-- RECORD SET follows --
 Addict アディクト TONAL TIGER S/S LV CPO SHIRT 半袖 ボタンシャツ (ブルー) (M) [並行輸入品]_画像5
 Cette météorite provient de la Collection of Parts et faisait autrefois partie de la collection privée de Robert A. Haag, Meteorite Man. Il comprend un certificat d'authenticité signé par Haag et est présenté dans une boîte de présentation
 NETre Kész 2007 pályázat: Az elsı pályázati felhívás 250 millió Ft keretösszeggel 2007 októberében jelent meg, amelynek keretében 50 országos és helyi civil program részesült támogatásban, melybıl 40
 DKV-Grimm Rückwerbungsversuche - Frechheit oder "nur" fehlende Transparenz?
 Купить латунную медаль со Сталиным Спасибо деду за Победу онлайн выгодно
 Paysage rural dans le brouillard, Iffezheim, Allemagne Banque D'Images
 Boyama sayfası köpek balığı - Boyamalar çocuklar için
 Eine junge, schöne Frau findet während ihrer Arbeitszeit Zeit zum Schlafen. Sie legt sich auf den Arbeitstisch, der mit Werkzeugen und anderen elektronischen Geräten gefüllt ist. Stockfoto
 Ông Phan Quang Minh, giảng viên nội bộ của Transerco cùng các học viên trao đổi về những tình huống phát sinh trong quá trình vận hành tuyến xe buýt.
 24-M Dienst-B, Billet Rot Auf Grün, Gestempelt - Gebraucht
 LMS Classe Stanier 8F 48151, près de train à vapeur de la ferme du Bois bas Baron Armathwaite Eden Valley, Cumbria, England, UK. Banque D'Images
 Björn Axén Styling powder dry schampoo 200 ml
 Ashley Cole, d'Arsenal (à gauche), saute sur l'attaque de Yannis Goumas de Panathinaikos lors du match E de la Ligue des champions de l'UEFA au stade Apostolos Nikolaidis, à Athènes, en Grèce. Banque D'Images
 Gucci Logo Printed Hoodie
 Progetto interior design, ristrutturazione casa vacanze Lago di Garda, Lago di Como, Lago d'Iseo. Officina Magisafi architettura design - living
-- RECORD SET concluded --
#### [ABOUT THIS TASK]
Each line from the one containing "24-M Dienst-B, Billet" through the end of the material must be output exactly, and no other line.

#### [REPLY TO THE EXERCISE]
 24-M Dienst-B, Billet Rot Auf Grün, Gestempelt - Gebraucht
 LMS Classe Stanier 8F 48151, près de train à vapeur de la ferme du Bois bas Baron Armathwaite Eden Valley, Cumbria, England, UK. Banque D'Images
 Björn Axén Styling powder dry schampoo 200 ml
 Ashley Cole, d'Arsenal (à gauche), saute sur l'attaque de Yannis Goumas de Panathinaikos lors du match E de la Ligue des champions de l'UEFA au stade Apostolos Nikolaidis, à Athènes, en Grèce. Banque D'Images
 Gucci Logo Printed Hoodie
 Progetto interior design, ristrutturazione casa vacanze Lago di Garda, Lago di Como, Lago d'Iseo. Officina Magisafi architettura design - living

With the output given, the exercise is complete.